Responding to criticism of Scottish Labour leader Johann Lamont's call to end the "something for nothing" culture, Ms Curran accused the SNP Government of engaging in "fantasy politics" and said Labour had a duty to flag up the true cost of public service provision.
Speaking to the Herald on the eve of Labour's UK conference, she said: "We have to move away from fantasy politics in Scotland. We are constantly told by the SNP Government everything is fine and that's just not true.
"If we serve our constituents we have a duty to flag up the true costs: 30,000 workers have been lost in the public sector and services are being squeezed constantly."
Deputy First Minister Nicola Sturgeon rounded on Ms Lamont in Holyrood during the week, branding her a "poster girl for the Tories".

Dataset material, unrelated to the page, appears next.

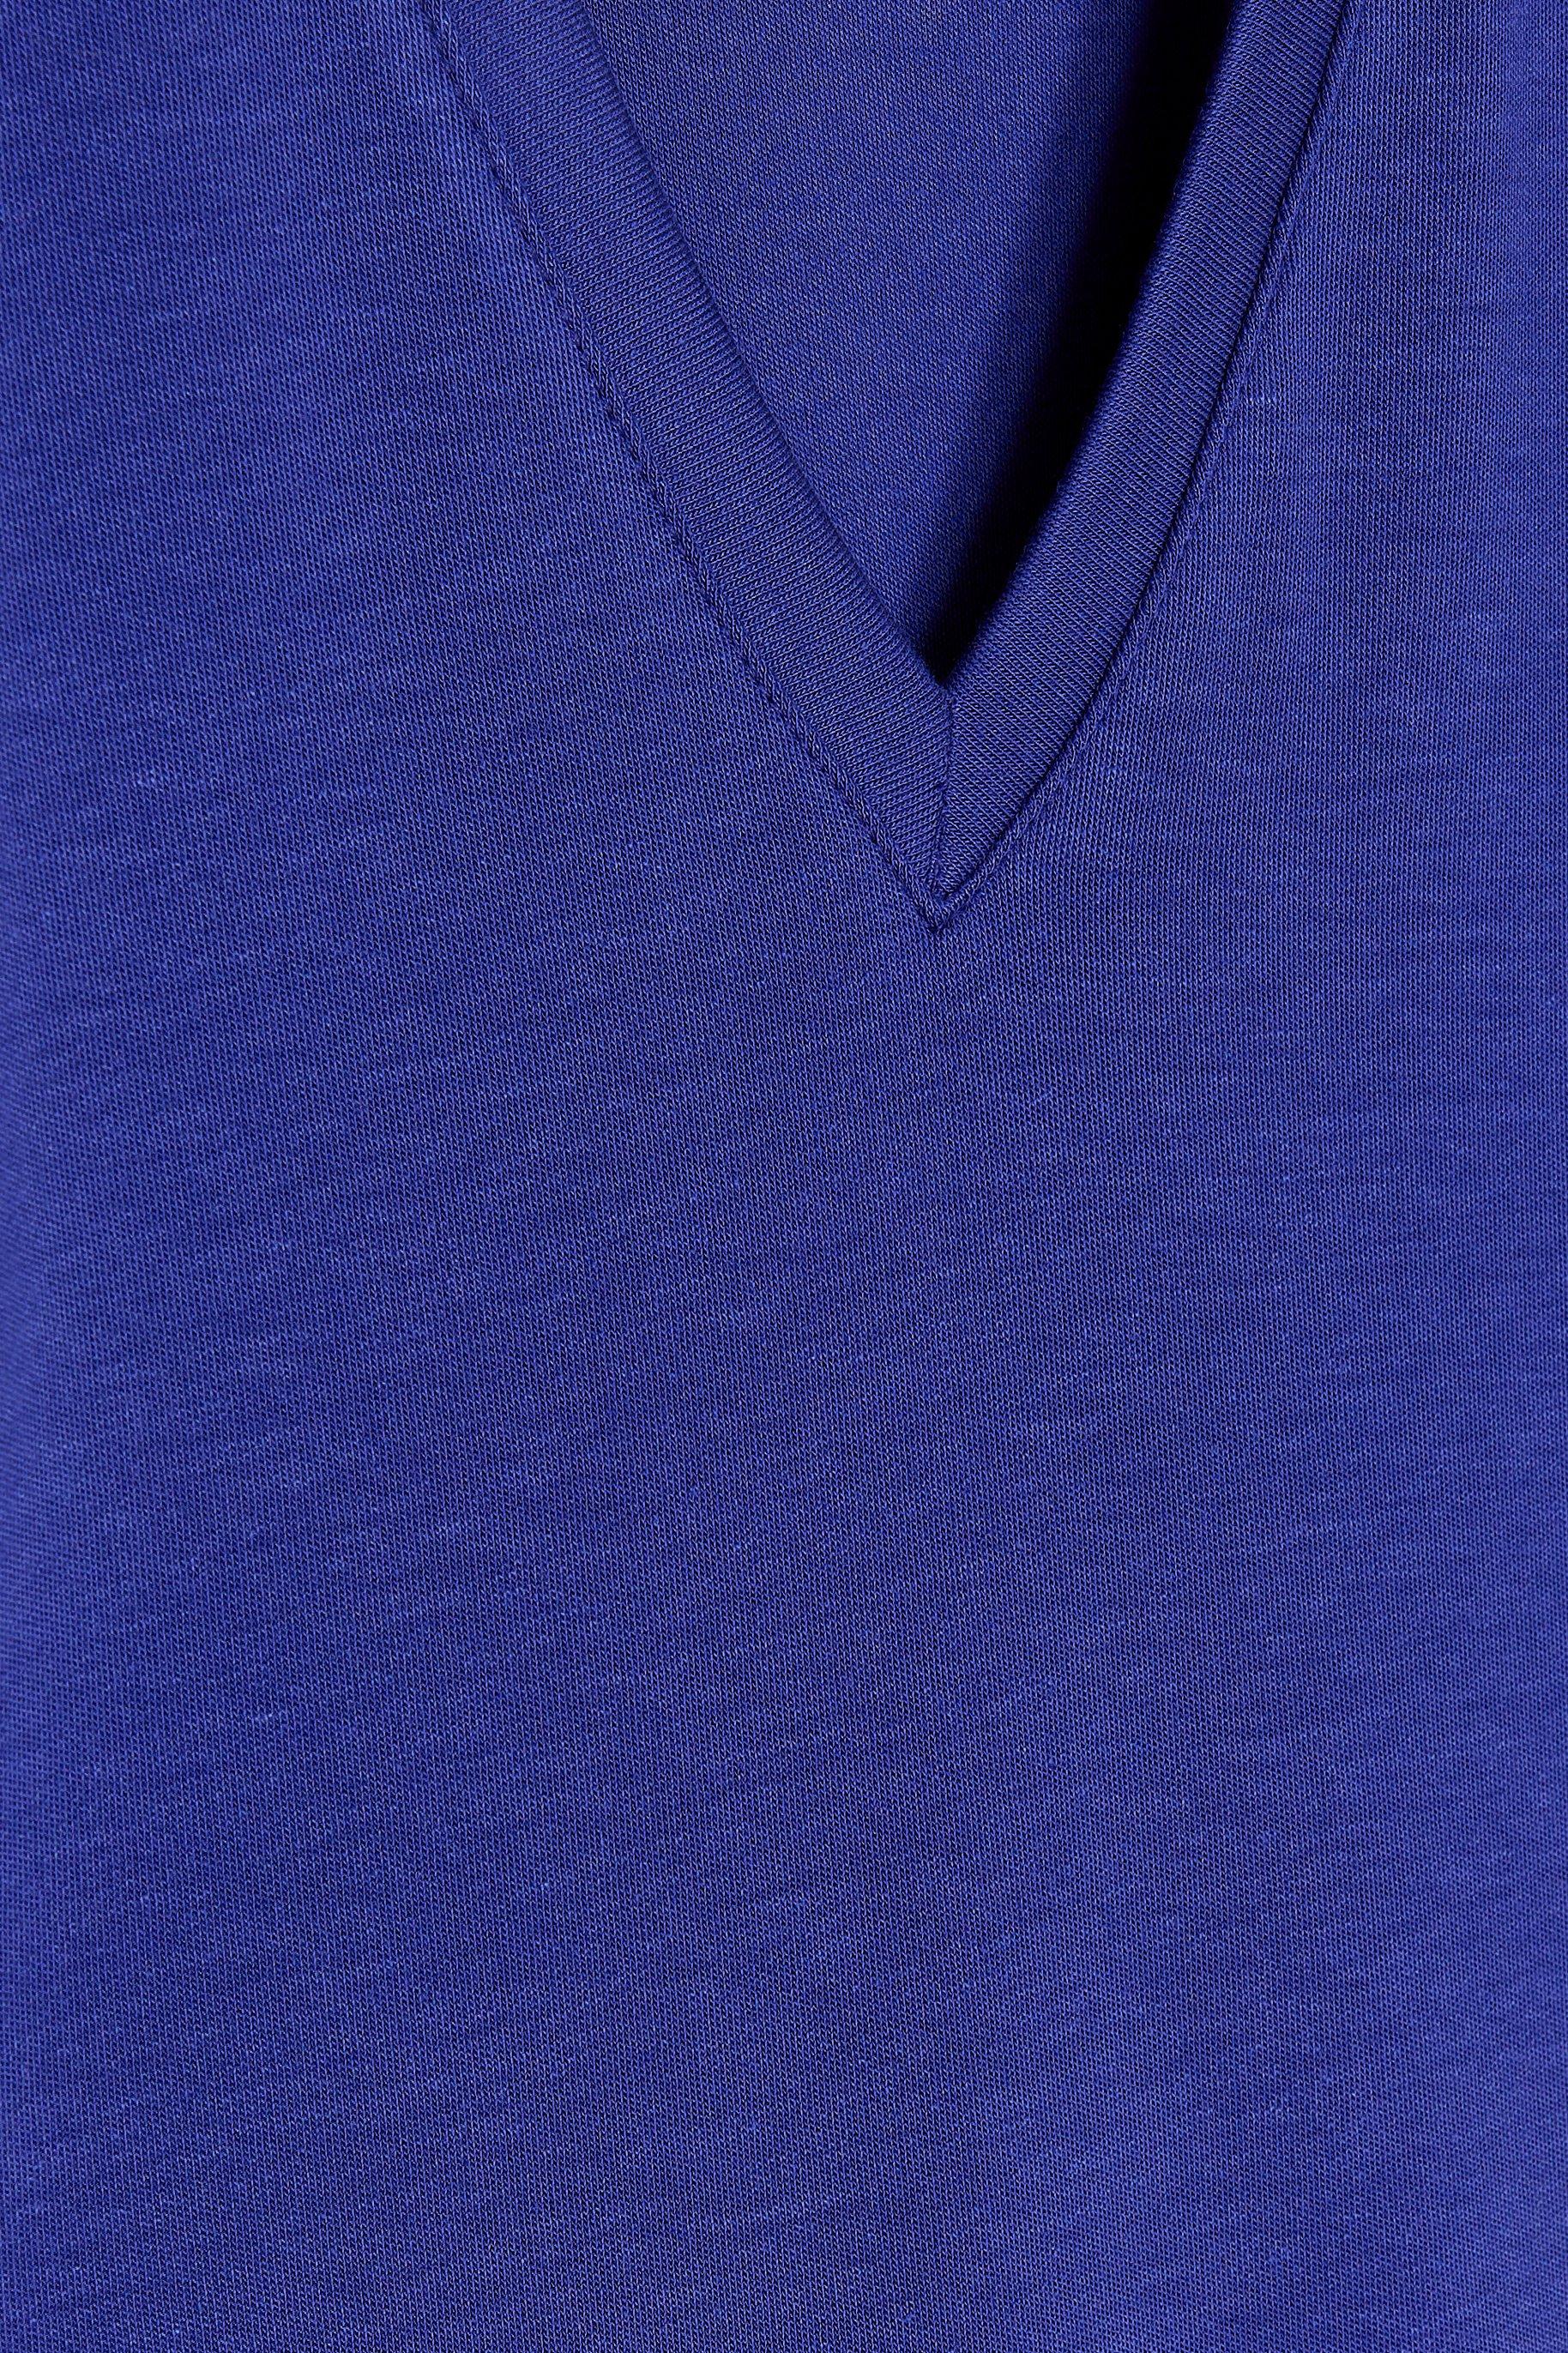 CKS Dames - TIKO - t-shirt à manches courtes - bleu foncé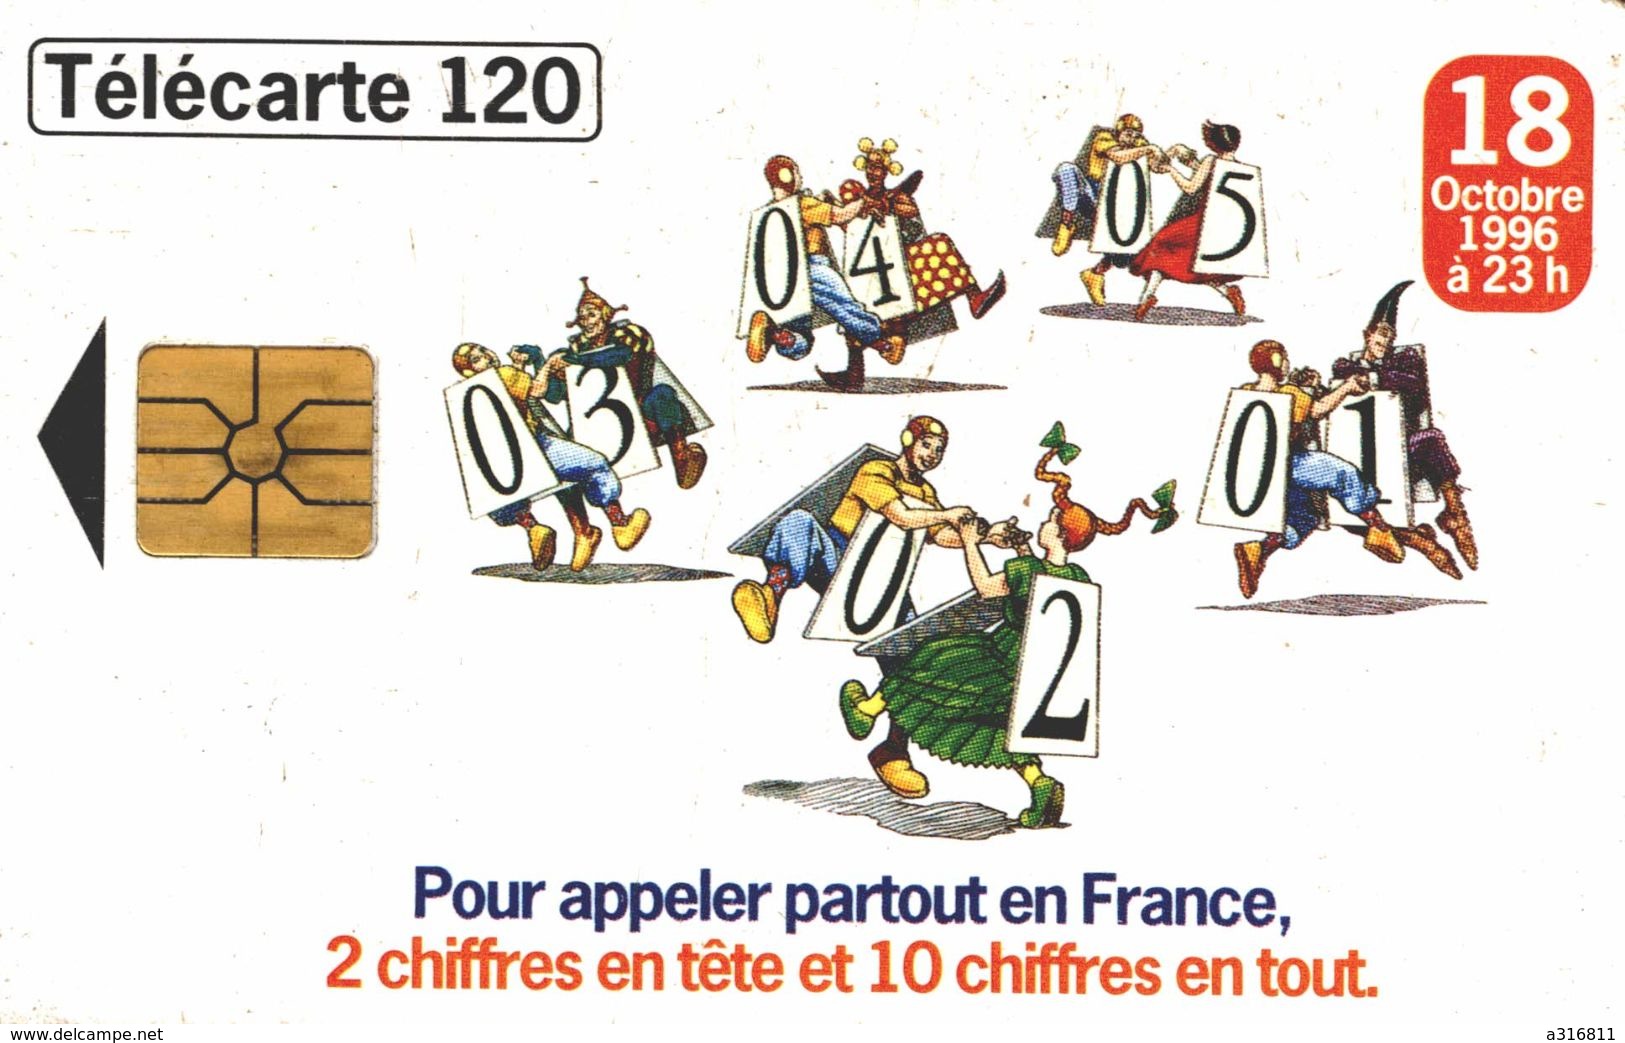 FRANCE TELECOM - 120 Eenheden

Ms Lamont had said Labour would review SNP policies such as the council tax freeze, universal NHS prescriptions and free tuition for Scottish university students in order to balance the books.
The SNP has claimed the policy shift is overwhelmingly unpopular, based on soundings taken by telephone canvassers, and was a "fumbled" attempt to pre-empt Shadow Chancellor Ed Balls's UK-wide spending review.
A senior party source said: "The SNP certainly believe that Johann Lamont’s speech was an attempt to pretend that the Holyrood leadership is driving Labour’s approach to spending in Scotland, when the reality is that she was merely pre-empting the line laid down by Ed Balls."
Salmond in Chicago
Meanwhile, First Minister Alex Salmond drew parallels between Scotland's economic situation and the early years of the United States during a visit to Chicago to coincide with the Ryder Cup.
A Scottish Government delegation is in the city attempting to drum up support for business and sport ahead of the next edition of the golf tournament at Gleneagles in 2014.
Mr Salmond said: "In order to fully realise our potential, we need the powers of an independent nation, rather than the limited powers that are currently available to us.
"Without independence, we are promoting recovery with one hand tied behind our backs. We currently have fewer economic powers than Illinois.
"The simplest encapsulation of the case for independence is this - that the people best placed to make decisions about a nation's future are those who choose to live and work there. They will always be the people who care most. That was true of the USA in the 18th century and today - it is also true of Scotland.
"That argument is a civic and inclusive one. It does not emphasise where people have come from; it emphasises where we want to go together as a nation."
Labour's shadow Scotland Office minister William Bain accused Mr Salmond of creating his "own version" of American history with his comments.
He said: "The USA didn't just seek independence from Britain in the eighteenth century, they also started a project to create a union of states that endures to this day.
"US states benefit from having strong state government but also being part of a political and economic union that allows them to pool resources.
"During the downturn in 2010 the federal government transferred over $500 billion to state and local government across the country ensuring that places in greatest need were able to cope with recession."